Exercise prompt: Take the entries below and reproduce exactly the portion that begins at the line containing "Set of business card template vol2" and ends at the line containing "A motorcyclists performs", keeping both ends, dropping pictures, and adding nothing else.
*** Exercise inputs Section Begins ***
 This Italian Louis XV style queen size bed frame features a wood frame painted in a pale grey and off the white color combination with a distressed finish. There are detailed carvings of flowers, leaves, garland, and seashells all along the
*** Exercise inputs Section Ends ***
*** Exercise inputs Section Begins ***
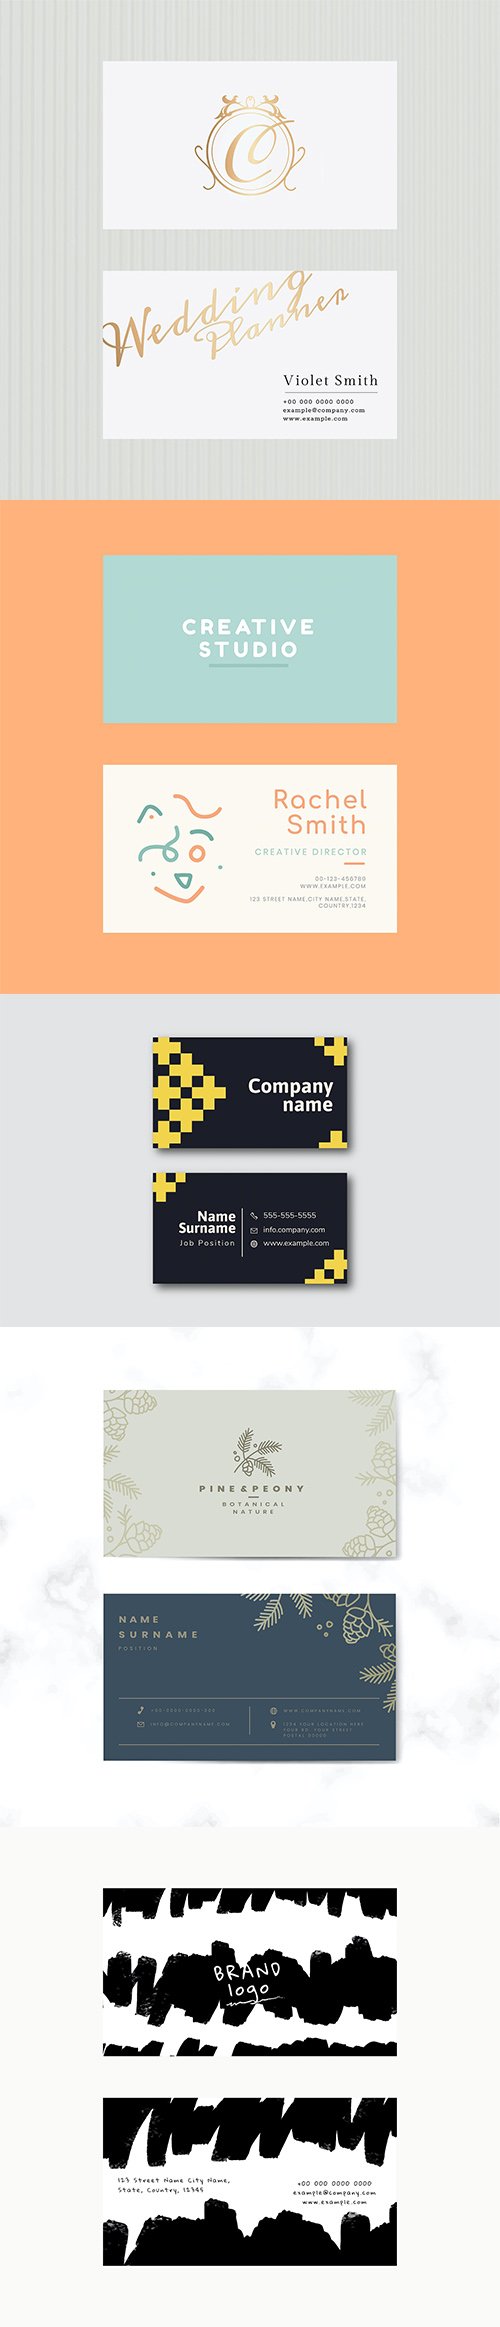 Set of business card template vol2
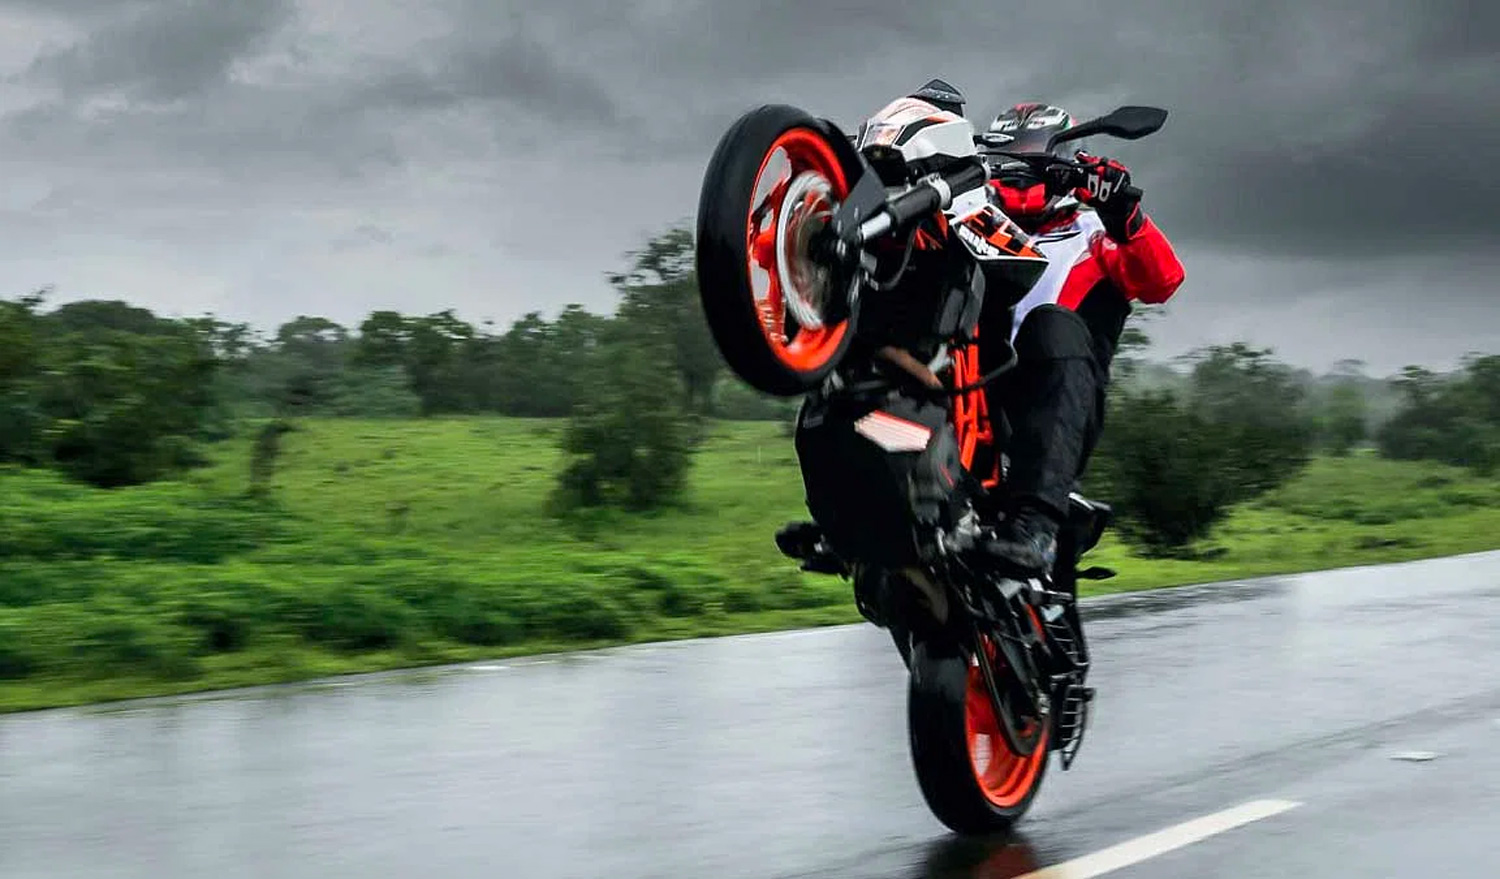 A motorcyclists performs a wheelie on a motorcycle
*** Exercise inputs Section Ends ***
Finished exercise:
 Set of business card template vol2
 A motorcyclists performs a wheelie on a motorcycle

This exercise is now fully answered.